Это была одна из немногих его (пяти-шести) фирменно-идиотических шуточек – с остановившимся взглядом, приоткрытым ртом и обескураживающе-тупым упрямством – пока ты не взмолишься или не сорвешься.
– Ну скажи, когда приехал. – И все сильнее сжимает руку.
– Да вот только что, – говорю я, сначала сдерживаясь, но потом зверея, и с садистским наслаждением отдирая от руки его пятерню – один палец на слом, и остальные разжимаются сами собой. – Решил навестить.
– Ау-ау-ау! – скулит Бубен и кокетливо дует на руку. – Убить хотели. Сломали пальчик. Как я теперь буду играть на рояле?
Боб смотрит на него сбоку и курит. Потом сминает папироску о плинтус и засовывает окурок куда-то в щель в полу.
– Кто бы тебя правда убил? – мечтает он мрачно. – Ничего бы для того не пожалел, ей-бо.

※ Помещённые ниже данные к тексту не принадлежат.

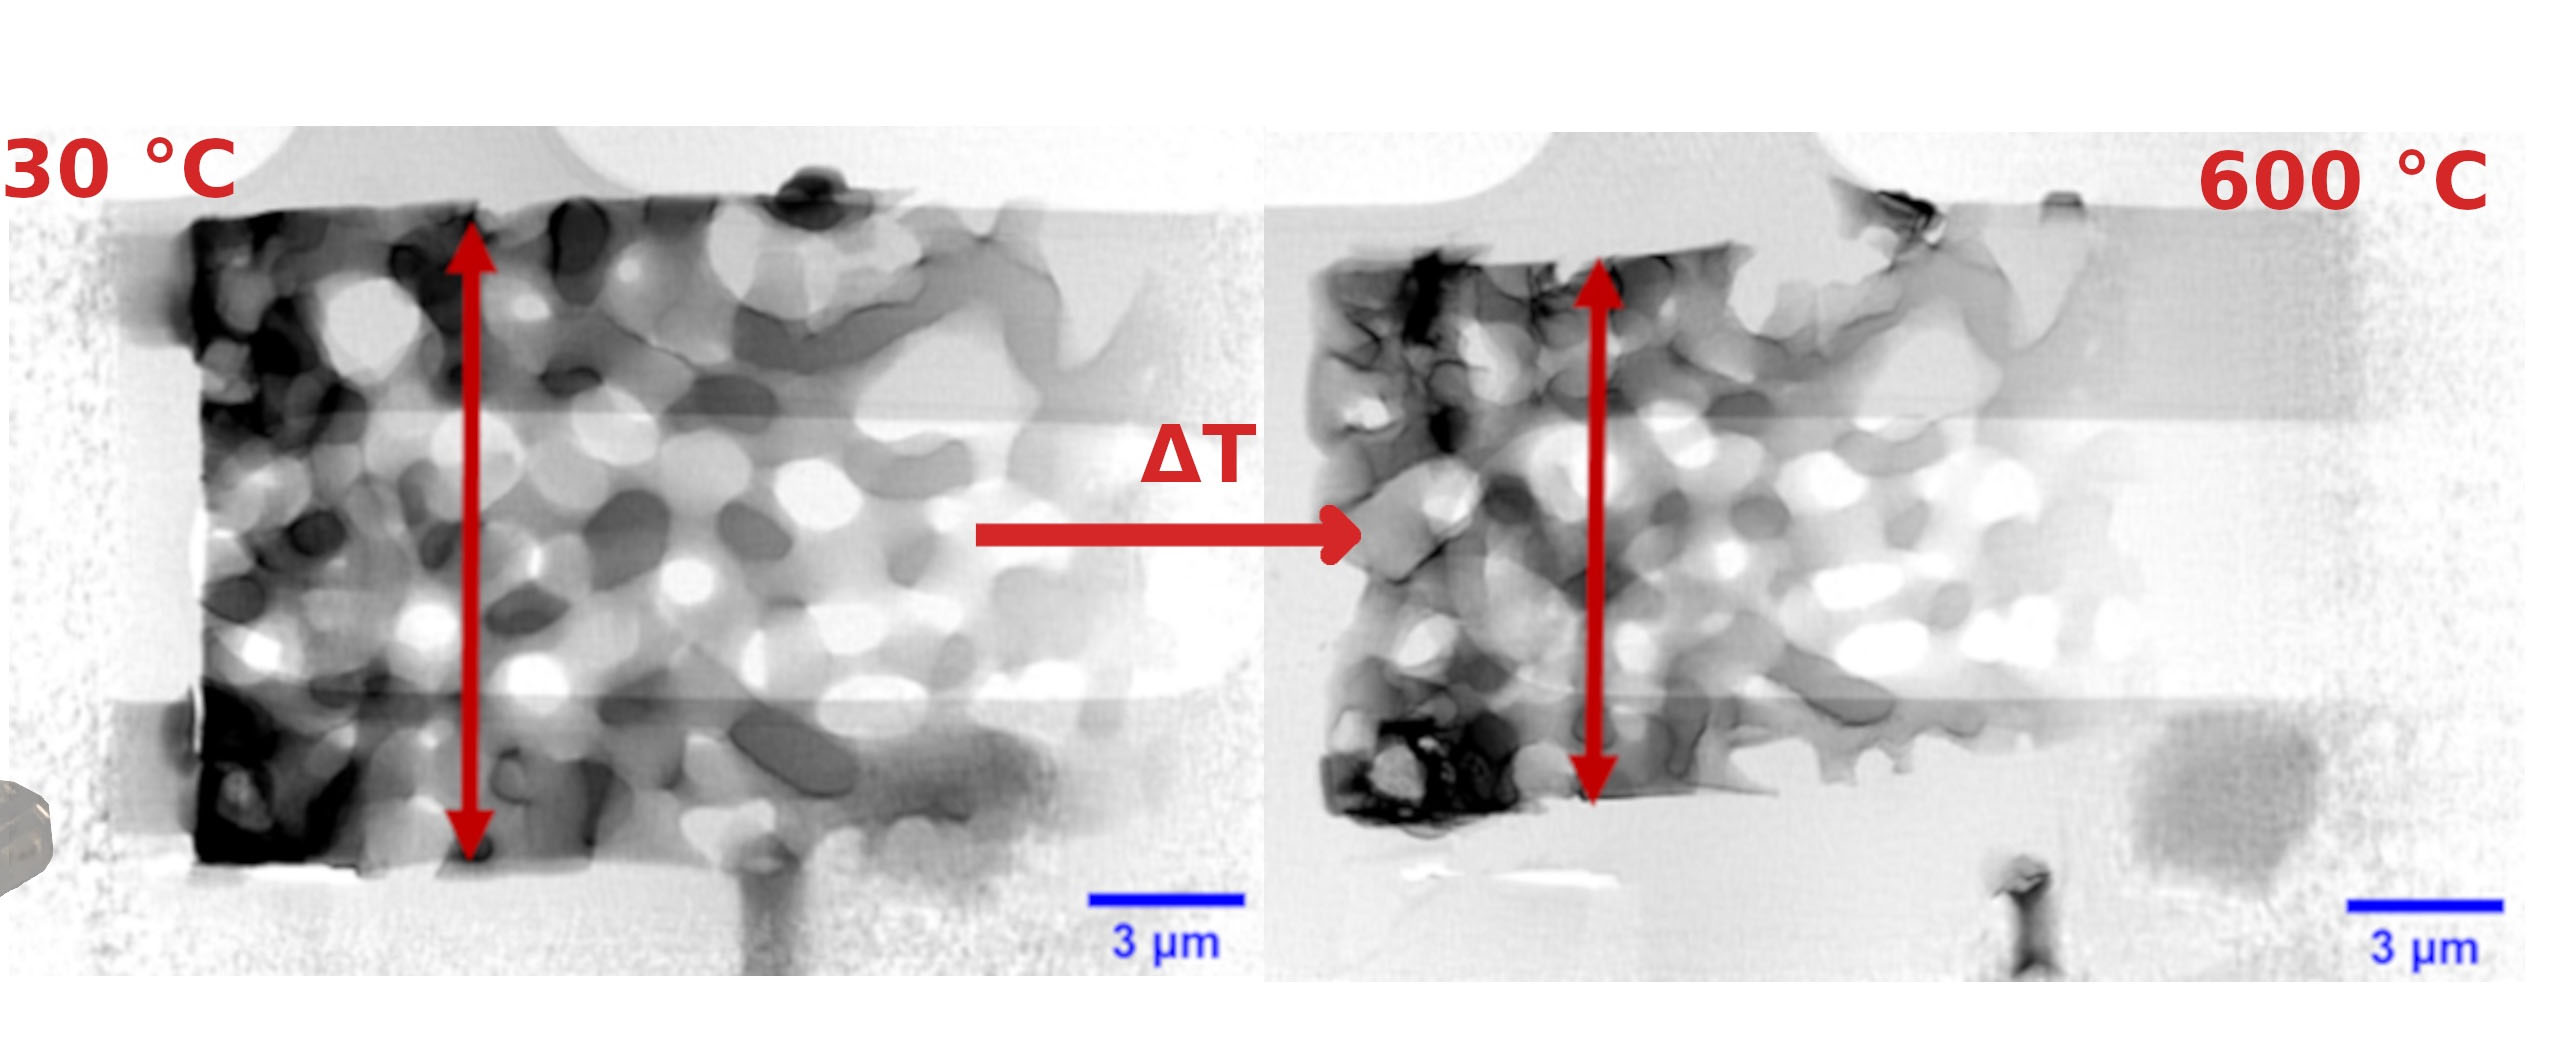 2D X-ray nanomicroscopy allows to follow changes of the catalyst during heating and under controlled gas conditions

– А я зна-а-аю, зна-а-аю! – гогочет Бубен.
– Весело тут у вас, – говорю я. – Ничего не скажешь. – Потом подхожу к Бобу и в порыве какой-то неуместно-запоздалой нежности присаживаюсь возле него на корточки, кладу руку ему на колено и заглядываю в глаза: – Ничего не случилось? Что-то ты сегодня совсем плохой.
– Да нет, – неохотно отзывается Боб. – Взял нажрался с утра, дурак.
– Этот, что ли? – показываю я глазами на Бубна.
– Да сам. И этот тоже. Весь день насмарку.
– Ведь главное, сам понимаешь... – начинаю я дидактически, но он не слушает, поднимается с табуретки, морщась, потягивается и говорит спокойно:
– Все нормально. Все путем. Сейчас будем веселиться.
Мы сидели в углу и переговаривались, когда она вышла из боковой двери – свободно и раскованно – на ходу заправляя красную растянутую майку на лямках в бледно-голубые джинсы. При этом ничем не стесненная грудь ее мягко обрисовывалась под тонкой тканью – убийственно тонко обтягивалась старой тканью, и я, внезапно парализованный, тихо, радостно и почти испуганно млея, убедился в который раз: нет, она действительно красива, нет, она и в самом деле красавица, кроме шуток, я нисколько не преувеличиваю, чтоб мне сдохнуть...
Конечно, говоря об этом, я мог бы описать ее и более подробно: и открытый чистый лоб, и брови – странно невыщипанные и странно темные по сравнению со светлыми волосами (хотя сейчас они тоже потемнели от влаги и потеряли на время свой чудесный естественный отлив и породистую тяжесть, но зато слегка подзавились, и растрепались, и прилипли к маленькой головке, очень выгодно оттенив профиль), и щемяще-припухшие приоткрытые губы, и чуть вздернутый нос, и ярко-зеленые глаза...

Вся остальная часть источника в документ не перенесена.